# No tan breve, pero clarísima explicación de la mal llamada potencia RMS



## Kebra (Dic 9, 2009)

Bueno, estuve mirando a ver si ya estaba posteado, pero no lo vi. Si está, borrenlo, y si no, leanlo que está muy interesante, y no es necesario ser Einstein para entenderlo.
Lo posteo porque las explicaciones que vi son poco amigables para el aficionado.

La traducción es mía de un documento publicado en no se qué revista de audio yankee y lo postee en un foro de technics hace unos meses donde andaban medio en banda con esto.

Es largo.
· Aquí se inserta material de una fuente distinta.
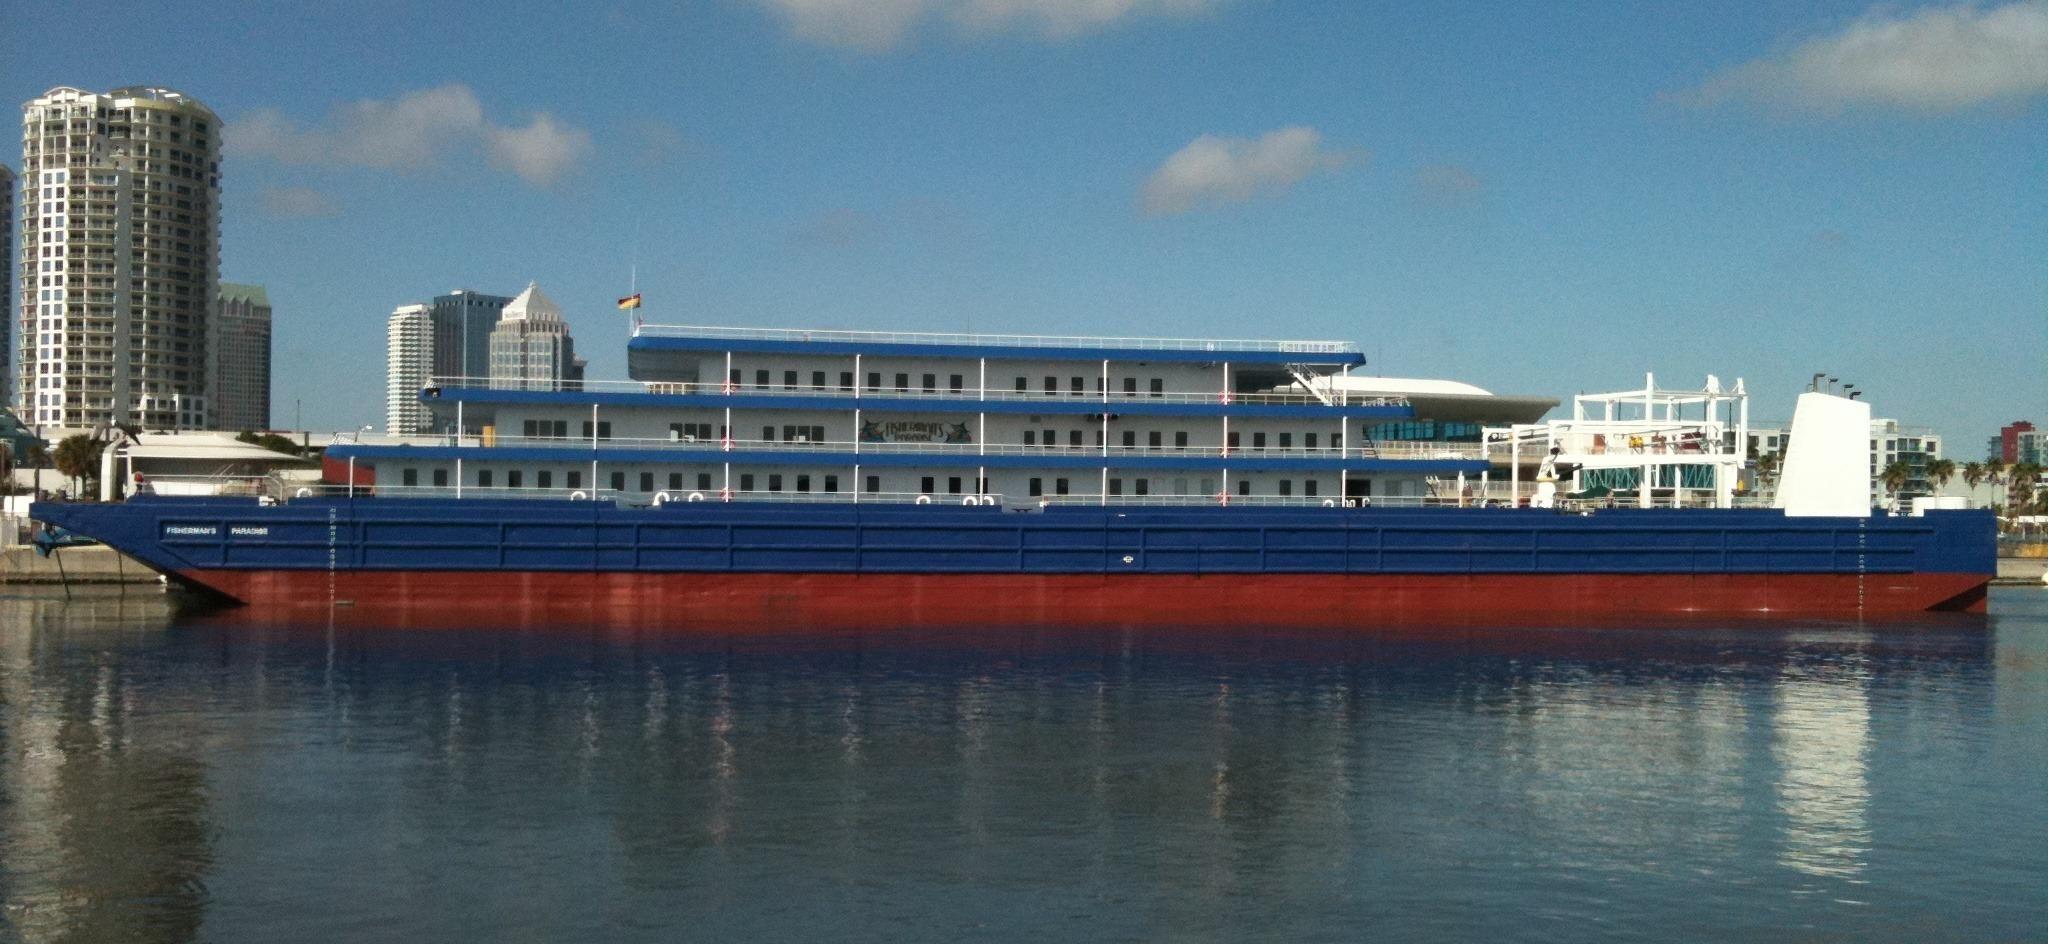 2009 floating boutique hotel barge moteur bateau vendre for Moteur hotel

Si no obvservan las imágenes, no lo van a entender.

Es interesante.

Acá vamos...

Potencia RMS

El significado de "Promedio".

Antes de entrar de lleno en el asunto, es importante explicar que significa "promedio".
Afortunadamente, su significado cuando se refiere a formas de onda es el mismo que para el común de las cosas. Si fuéramos a muestrear una forma de onda (es decir, un gráfico de voltaje, corriente, potencia, etc., en función del tiempo) en intervalos iguales de tiempo, sumando luego sus valores y dividiéndolos por el número de muestras, obtendríamos aproximadamente el valor promedio del voltaje, corriente, potencia, o lo que sea que la forma de onda represente. A menor intervalo de tiempo, mayor es la precisión del valor promedio. La operación matemática de integración es una forma de hallar cuál sería el valor promedio llevando esos intervalos de tiempo a niveles muy pequeños, cercanos a cero, y es necesaria si queremos calcular el valor promedio exacto de una forma de onda.
Para simplificar la explicación, voy a utilizar formas de onda cuadradas, lo que permite ver fácilmente sus valores promedios sin necesidad de utilizar la matemática.
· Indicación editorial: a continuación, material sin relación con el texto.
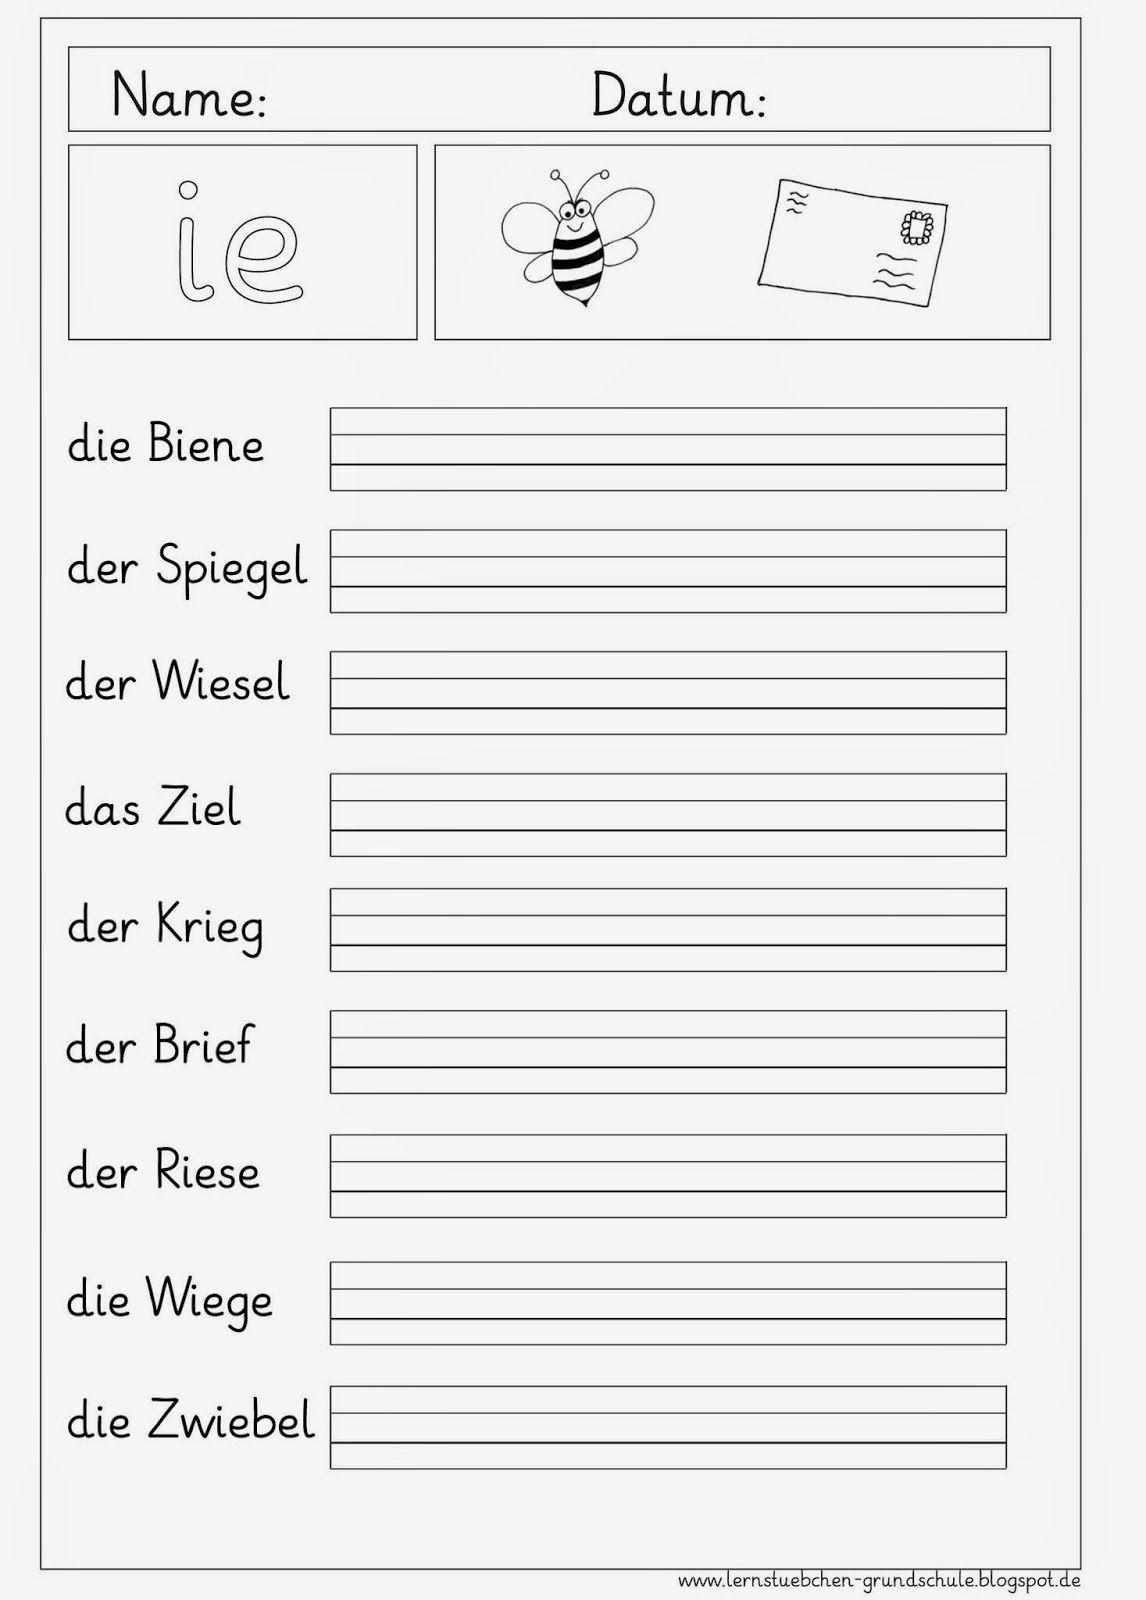 Arbeitsblätter Grundschule 1 Klasse Ausdrucken Lernstübchen bei 1 Klasse Arbeitsblätter Zum Ausdrucken

Una forma de onda periódica es una onda que se repite en forma idéntica, una y otra vez. El período de la onda, o un ciclo, es el intervalo de tiempo que se repite. Si encontramos el promedio de un ciclo completo, entonces el promedio del ciclo siguiente será exactamente igual al primero. Si combinamos ambos ciclos y los sumamos, y al resultado lo dividimos por el numero de ciclos, obtenemos que el promedio de dos ciclos es igual al promedio de un ciclo. De manera que es relativamente simple obtener el promedio de una forma de onda periódica de larga duración calculando el promedio de un solo ciclo completo.
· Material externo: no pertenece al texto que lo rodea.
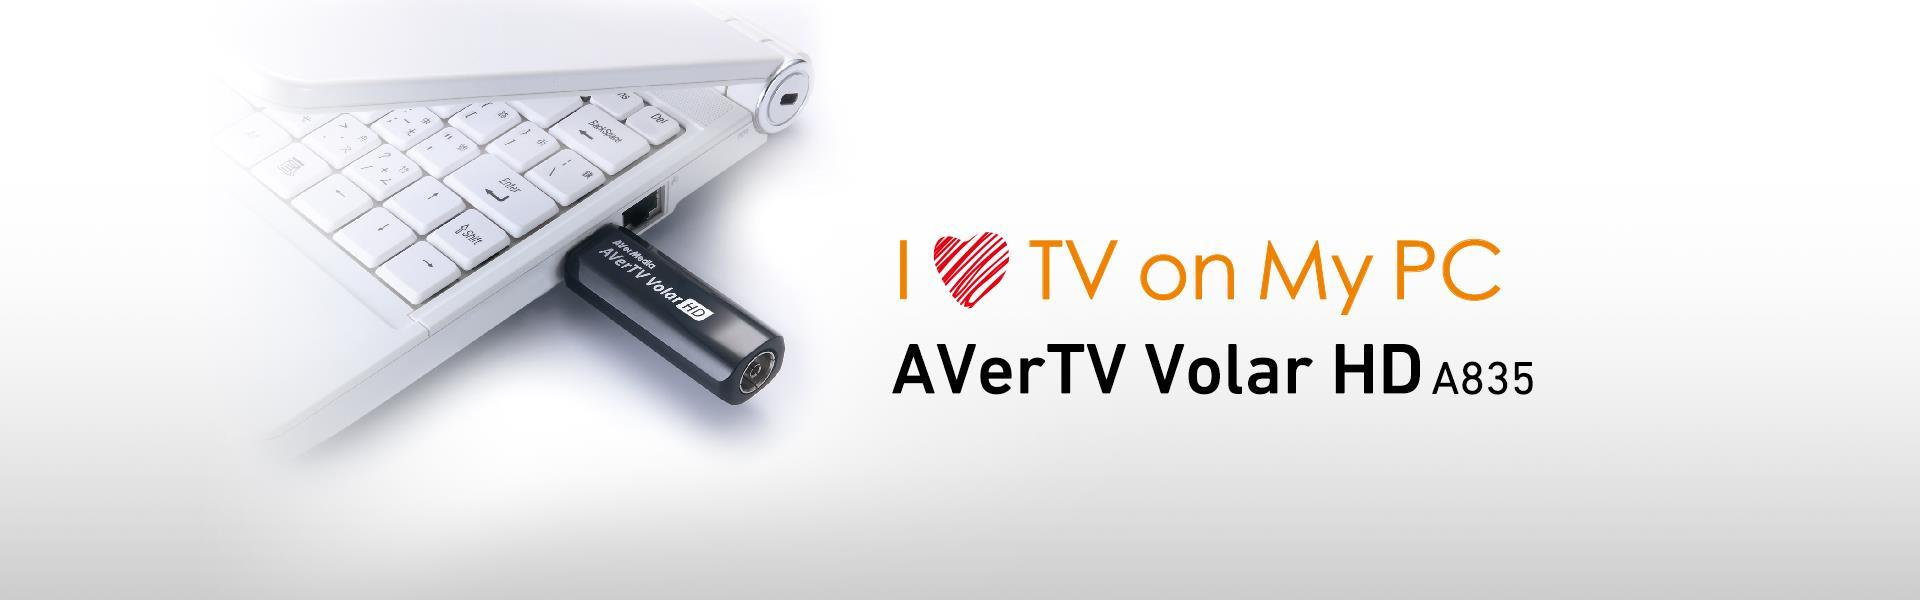 Външен тунер AVerTV Volar HD A835, USB 2.0, H.264 / MPEG-2 HDTV

Potencia equivalente o disipada.

El otro concepto importante es la potencia equivalente o potencia disipada en forma de calor. Supongamos que aplicamos 5 watts a un resistor durante 10 segundos. La cantidad total de energía aplicada al resistor es 5 watts x 10 segundos = 50 watt-seg = 50 Joules. Esto, por supuesto, eleva la temperatura del resistor. Cuánto eleva la temperatura en grados, depende de la masa del resistor, cuan rápidamente fue aplicada la energía, y que tan rápido el calor puede moverse por conducción, convexión y radiación. No nos interesa para esta explicación calcular el valor exacto del aumento de temperatura. Lo importante aquí es que el total de la energía disipada por el resistor es el total de la energía aplicada a él.

Consideremos el siguiente circuito, donde el interruptor cierra y abre en un período de 10 segundos, continuamente:




El voltaje aplicado al resistor sería el siguiente:




Y la potencia disipada por el resitor sería la siguiente:




Esta segunda forma de onda en función del tiempo muestra la potencia instantánea, es decir, la potencia entregada al resistor en cada instante de tiempo. Esta sobreentendido que cada vez que varía el voltaje y la corriente en el tiempo, también lo hace la potencia. Pero es obvio que cuando el interruptor está abierto, no está siendo entregada potencia al resistor. Es muy importante darnos cuenta de ésto, porque nos va a permitir hallar el nivel preciso de energía que está siendo transferida, así como también calcular otras magnitudes importantes.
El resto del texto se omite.